US 12,333,346 B2
Discovery and routing to inference servers based on monitored version information
Yuliya L. Feldman, Campbell, CA (US); Seyedshahin Ashrafzadeh, Foster City, CA (US); Alexandr Nikitin, El Sobrante, CA (US); Chirag Rajan, Burlingame, CA (US); and Swaminathan Sundaramurthy, Los Altos, CA (US)
Assigned to Salesforce, Inc., San Francisco, CA (US)
Filed by Salesforce, Inc., San Francisco, CA (US)
Filed on Jun. 2, 2021, as Appl. No. 17/337,390.
Prior Publication US 2022/0391749 A1, Dec. 8, 2022
Int. Cl. G06F 9/50 (2006.01); G06F 8/60 (2018.01); G06F 9/455 (2018.01); H04L 67/133 (2022.01); G06N 20/00 (2019.01)

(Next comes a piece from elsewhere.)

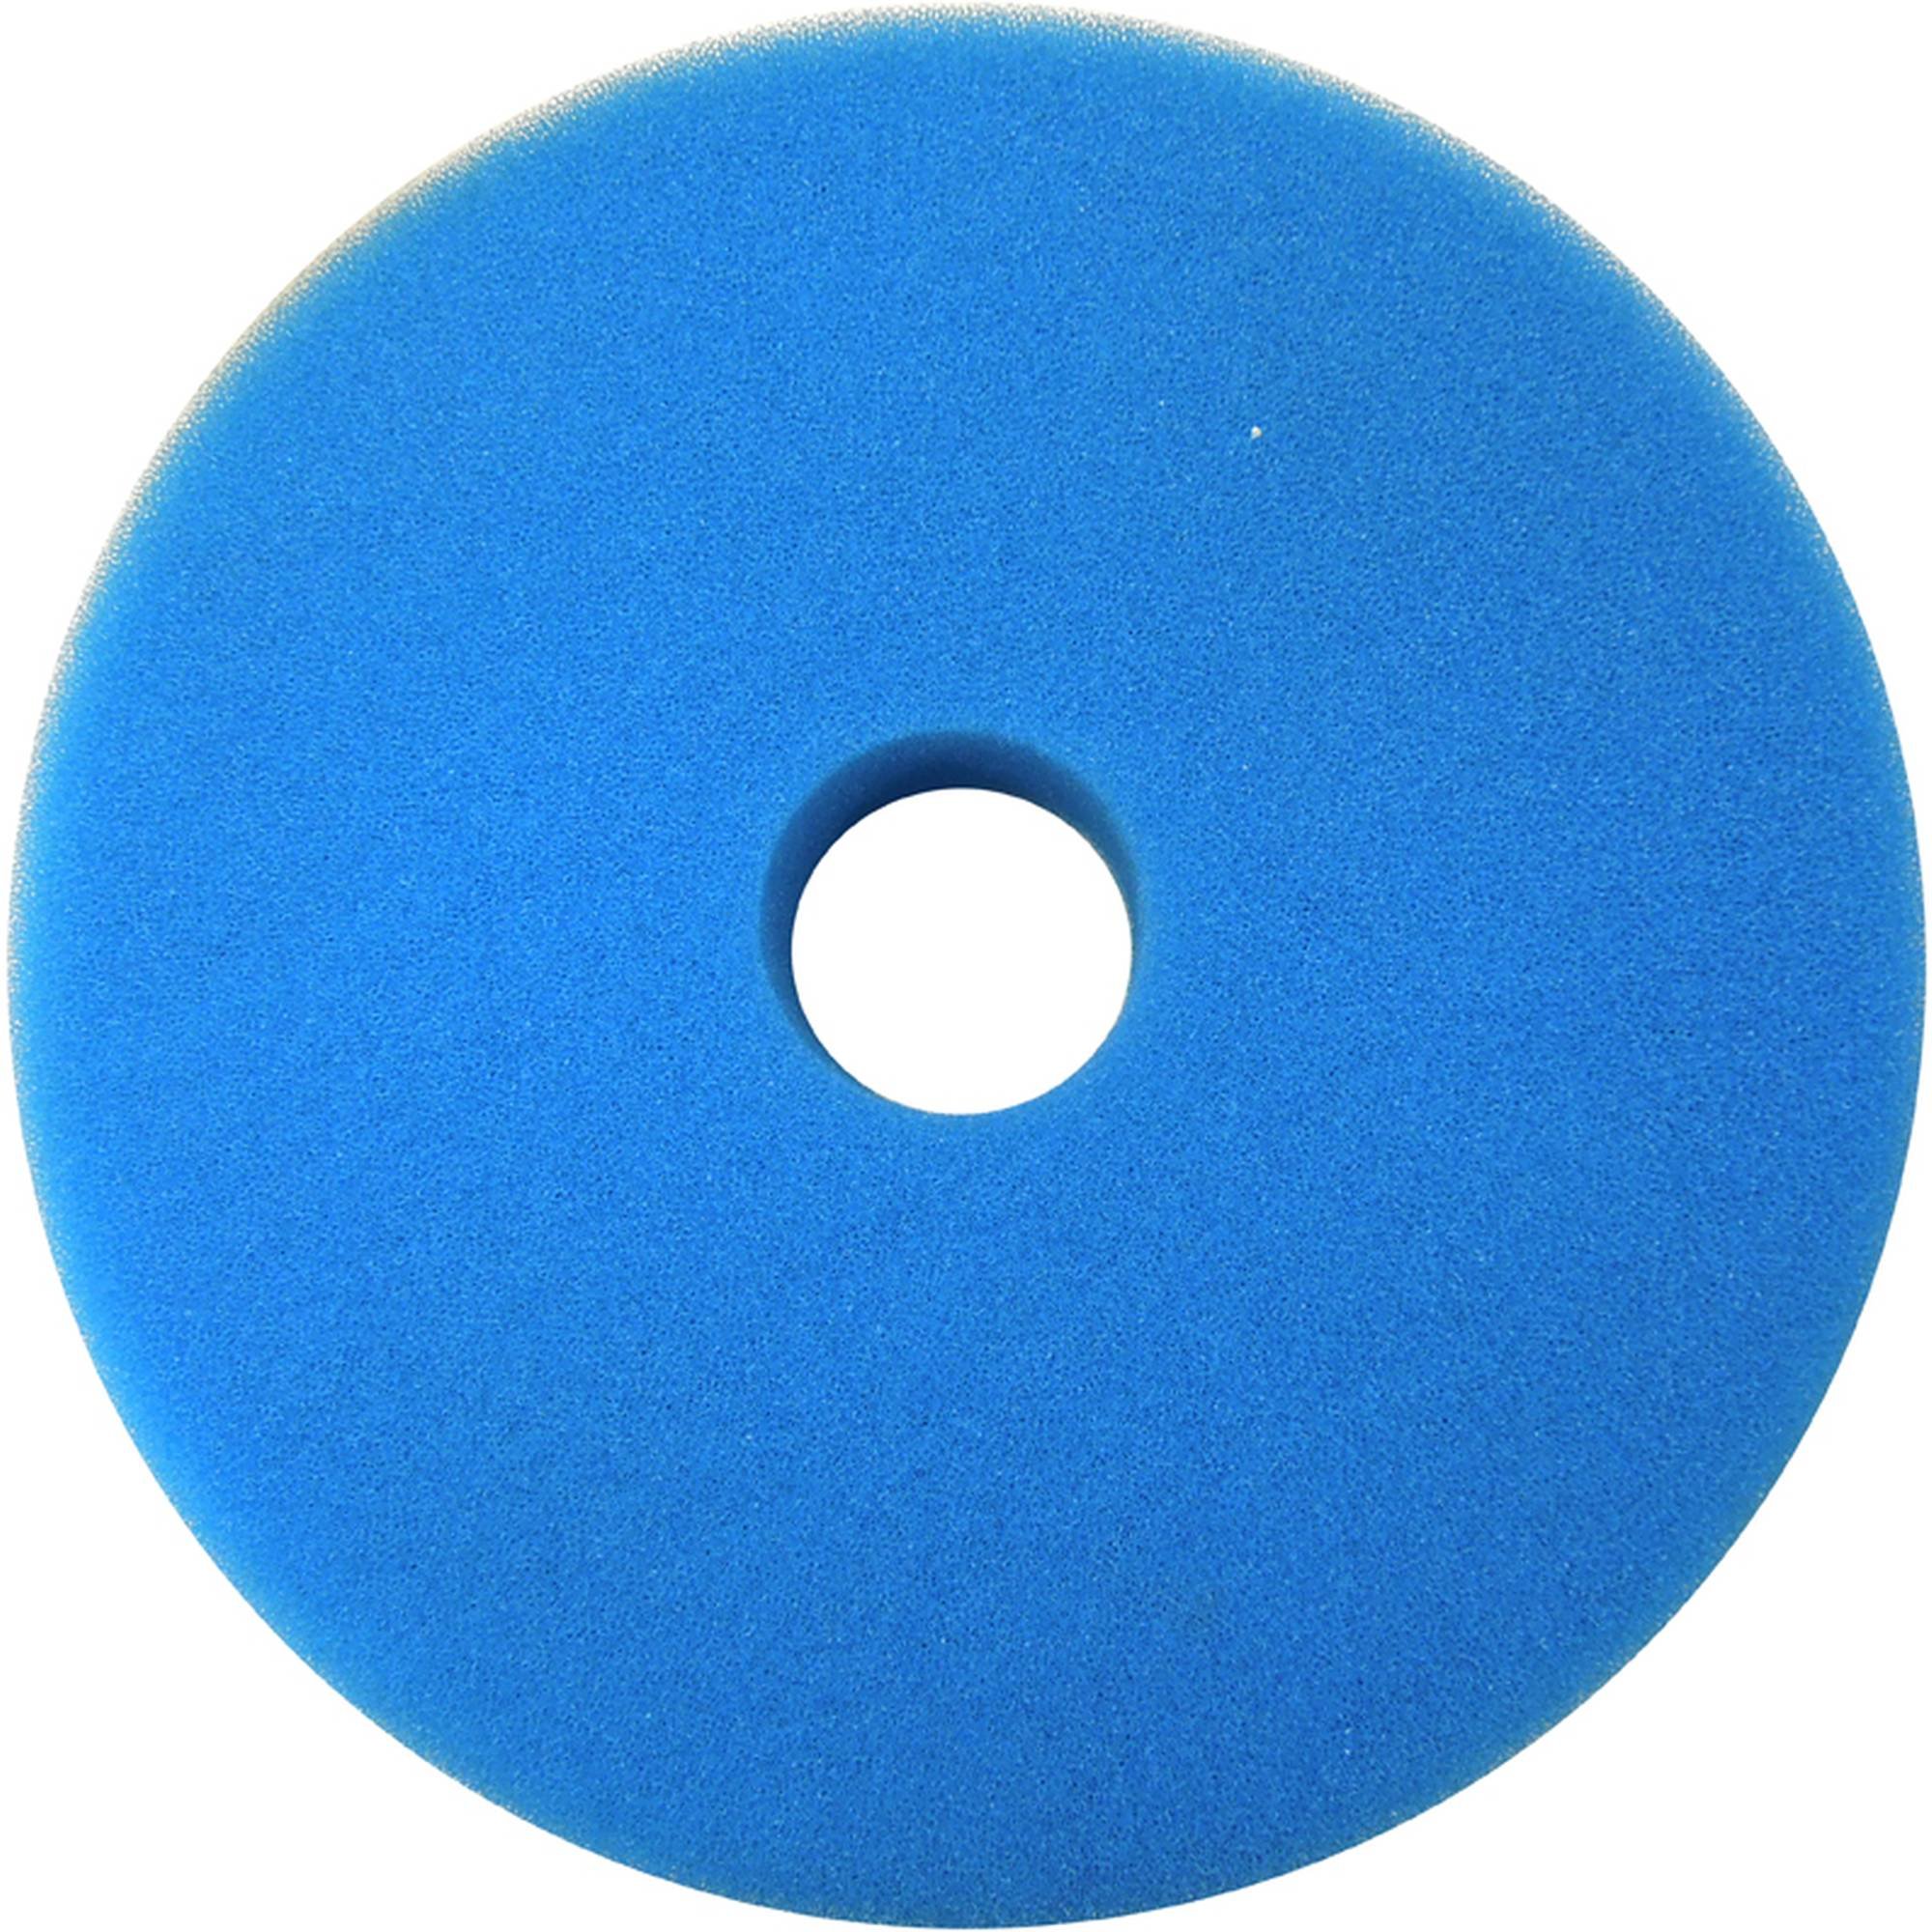 Filtersponge smooth/blue FPU10000-00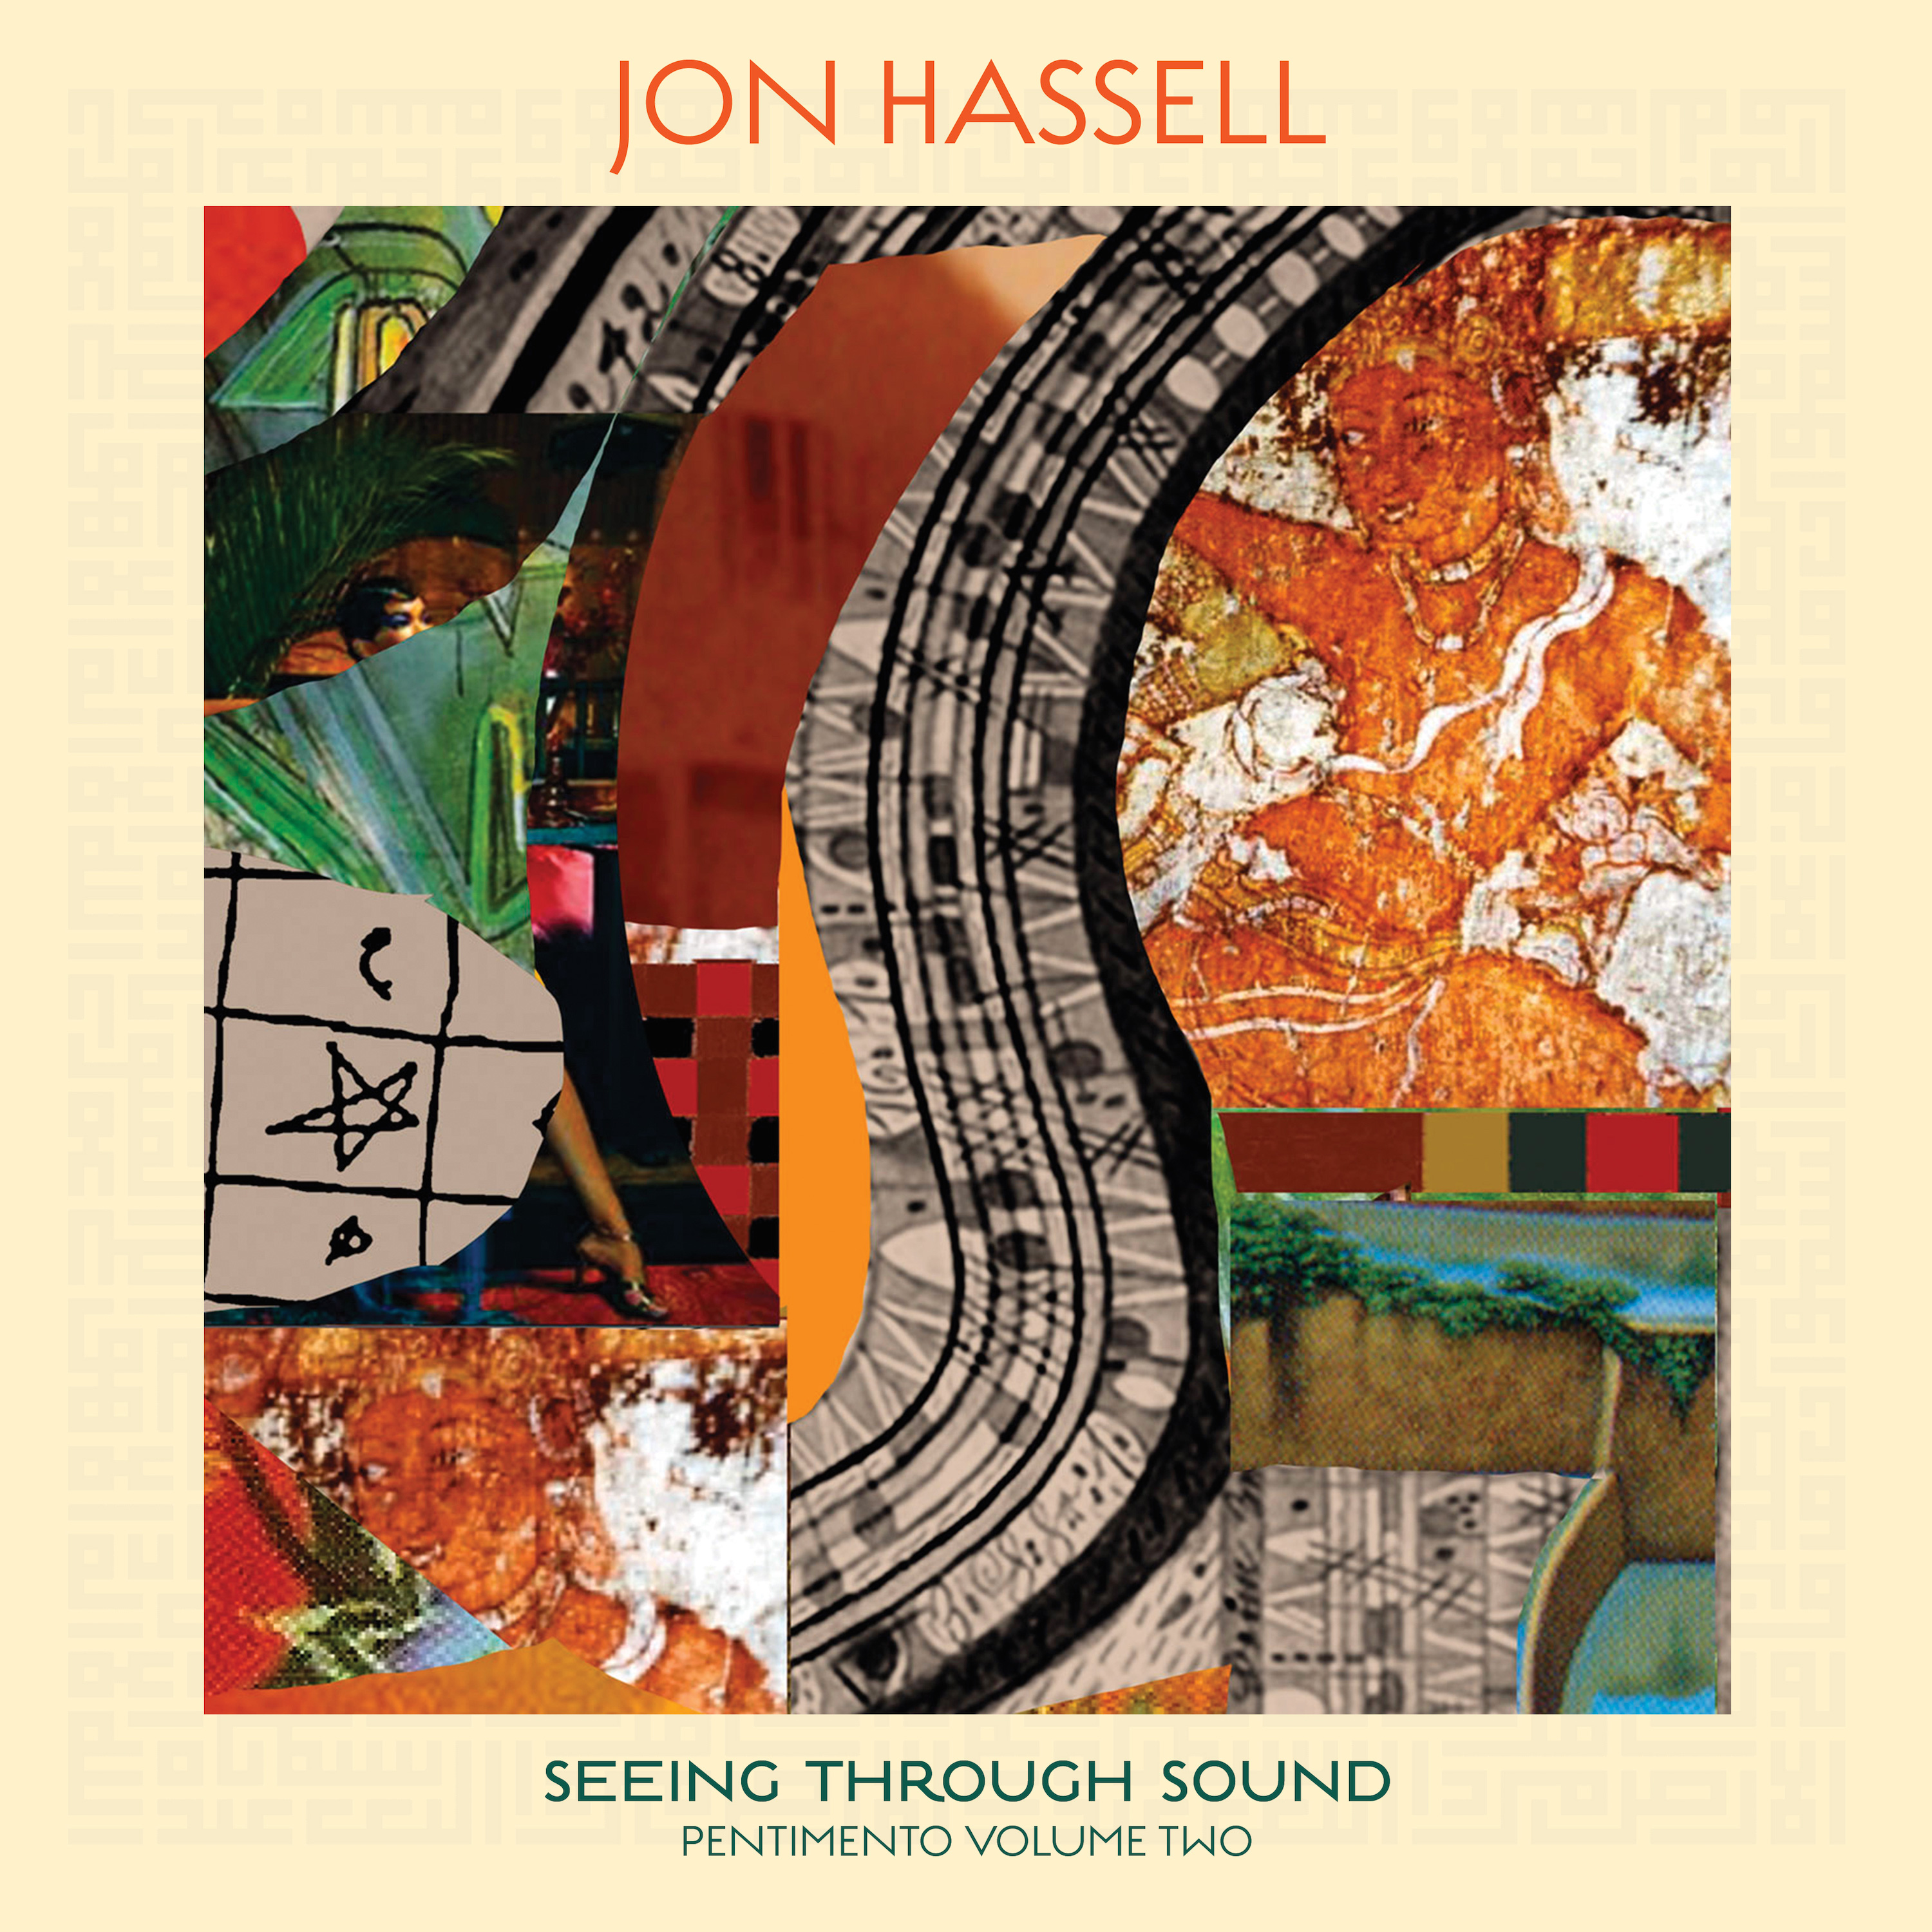 Jon Hassell - Seeing through sound

CPC G06F 9/5072 (2013.01) [G06F 8/60 (2013.01); G06F 9/45558 (2013.01); G06F 9/5077 (2013.01); H04L 67/133 (2022.05); G06F 2009/45562 (2013.01); G06F 2009/45595 (2013.01); G06N 20/00 (2019.01)] 15 Claims
OG exemplary drawing
 
1. A method for service discovery in a machine learning serving infrastructure, the method comprising:
detecting initialization of at least one service container;
establishing a monitor for monitoring label information for the at least one service container using a container orchestration system (COS) application programming interface (API);
identifying, by the monitor, the label information in the at least one service container;
collecting the label information for the initializing at least one service container, wherein the label information includes version information of a scoring service provided by the at least one service container;
storing a mapping between the label information and the at least one service container in a routing information storage accessible to a routing service;
receiving a request for executing a particular version of the scoring service;
determining, by the routing service, that the request is to be routed to the at least one service container based on the particular version of the scoring service matching the version information included in the label information included in the mapping; and
routing, by the routing service, the request to the at least one service container.